OS-6829: bhyve can miss PIR wake-ups

Issue Type:	Bug
Priority:	4 - Normal
Status:	Resolved
Created at:	2018-03-26T04:45:26.543Z
Updated at:	2018-03-28T22:59:17.683Z

Created by:	Former user
Reported by:	Former user
Assigned to:	Former user

Fixed: A fix for this issue is checked into the tree and tested.
(Resolution Date: 2018-03-28T22:59:17.668Z)

@accountid:6248927d45ece00069cb9db5 reported that an illumos guest running under bhyve was having trouble cloning a git repo over the network.

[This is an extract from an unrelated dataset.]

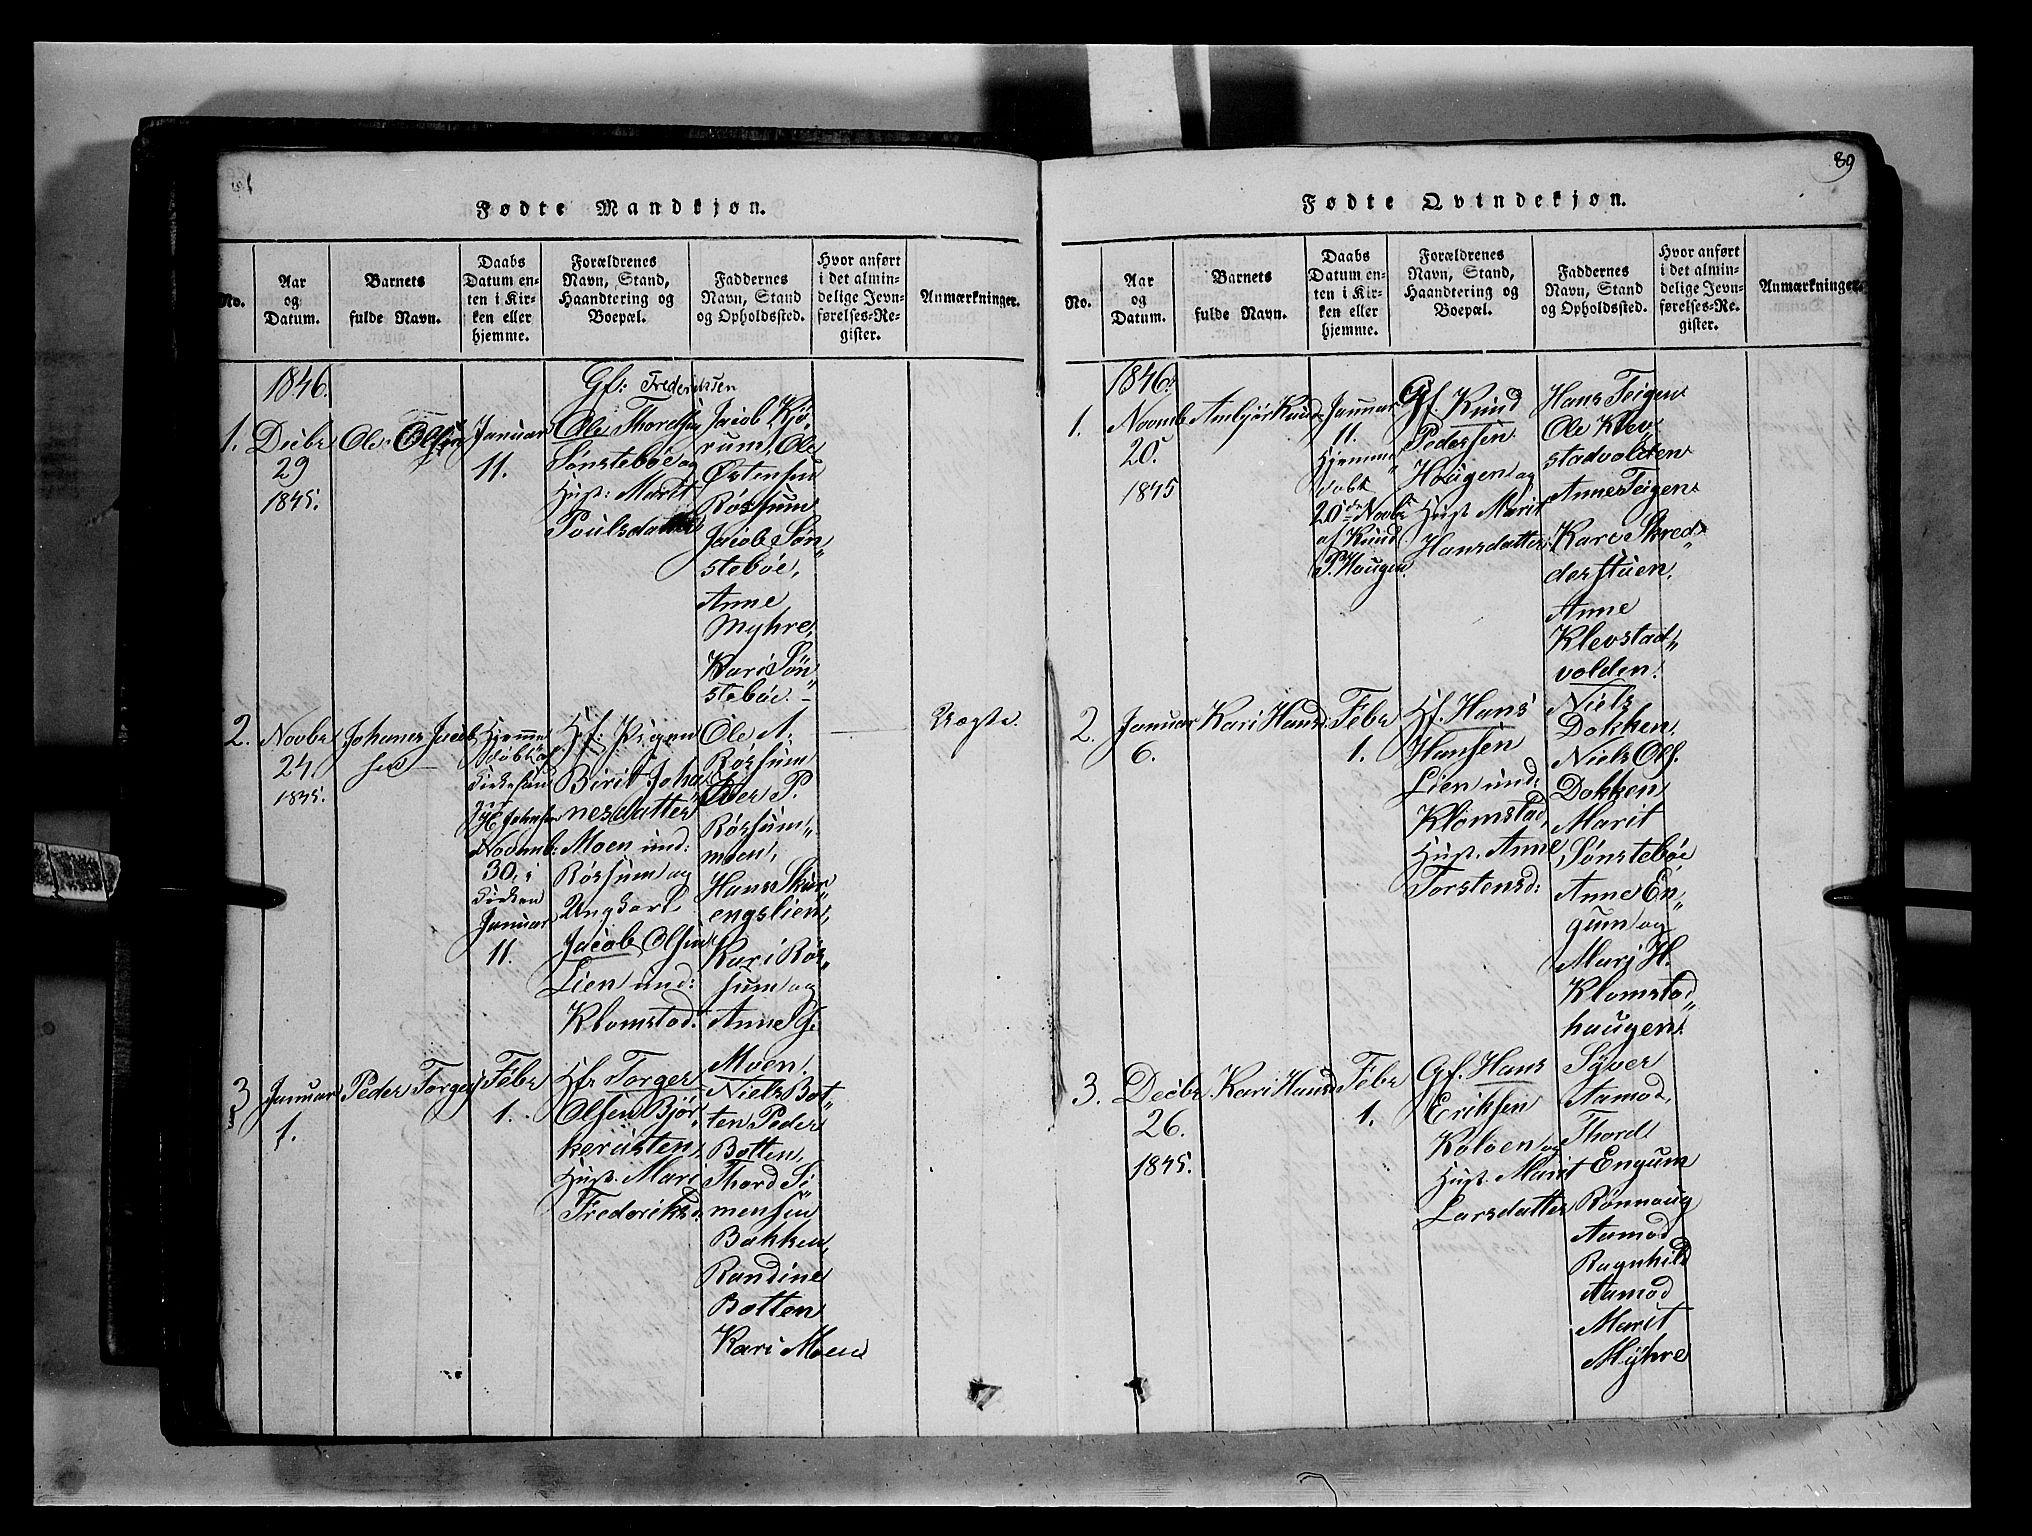 SAH, Fron prestekontor, H/Ha/Hab/L0002: Klokkerbok nr. 2, 1816-1850, s. 89

I went to reproduce those circumstances and wasn't even able to install git thanks to the network transfer for the package manager getting hung up. After some digging, I found that a simple 'curl' of a local moderately large http resource (in this case, just a platform tarball) could reproduce this hang.

When the issue is reproduced, the curl transfer will cease, as if there is a network disruption. A look at ::cpuinfo in the debugger yields a common theme:

[3]> ::cpuinfo -v
 ID ADDR             FLG NRUN BSPL PRI RNRN KRNRN SWITCH THREAD           PROC
  0 fffffffffbc39b80  1b    1    6  -1   no    no t-633  ffffff000f405c40
 (idle)
                       |    |    |
            RUNNING <--+    |    +--> PIL THREAD
              READY         |           6 ffffff000f4e6c40
             EXISTS         |
             ENABLE         +-->  PRI THREAD           PROC
                                  105 ffffff000f4e6c40 sched
stack pointer for thread ffffff000f4e6c40: ffffff000f4e6600
[ ffffff000f4e6600 resume_from_intr+0xb7() ]
  ffffff000f4e6630 swtch+0x82()
  ffffff000f4e66d0 turnstile_block+0x21a()
  ffffff000f4e6740 mutex_vector_enter+0x3a3()
  ffffff000f4e67d0 mac`mac_rx_soft_ring_process+0x53()
  ffffff000f4e6900 mac`mac_rx_srs_proto_fanout+0x29a()
  ffffff000f4e6980 mac`mac_rx_srs_drain+0x363()
  ffffff000f4e6a10 mac`mac_rx_srs_process+0x3ce()
  ffffff000f4e6a70 mac`mac_rx_common+0x143()
  ffffff000f4e6ad0 mac`mac_rx+0xb6()
  ffffff000f4e6b40 vioif`vioif_process_rx+0x1fc()
  ffffff000f4e6b70 vioif`vioif_rx_handler+0x20()
  ffffff000f4e6be0 av_dispatch_autovect+0x91()
  ffffff000f4e6c20 dispatch_hardint+0x36()
  ffffff000f4ddaa0 switch_sp_and_call+0x13()
  30 [no mapping for address]
[3]> ffffff000f405c40::findstack
stack pointer for thread ffffff000f405c40: ffffff000f405ad0
[ ffffff000f405ad0 _resume_from_idle+0x112() ]
  ffffff000f405bc0 mach_cpu_idle+6()
  ffffff000f405bf0 cpu_idle+0x11a()
  ffffff000f405c00 cpu_idle_adaptive+0x13()
  ffffff000f405c20 idle+0xa7()
  ffffff000f405c30 thread_start+8()

The thread handling inbound virtio packets went to sleep on a mutex, resulting the idle thread coming back on-CPU. That said, the mutex desired by the virtio thread is available and the thread itself is runnable. NMIs delivered to the guest via bhyvectl will wake that CPU and return the system to a lively state. Why then, are we seemingly stuck in a hlt, unable to be woken by "normal" interrupts.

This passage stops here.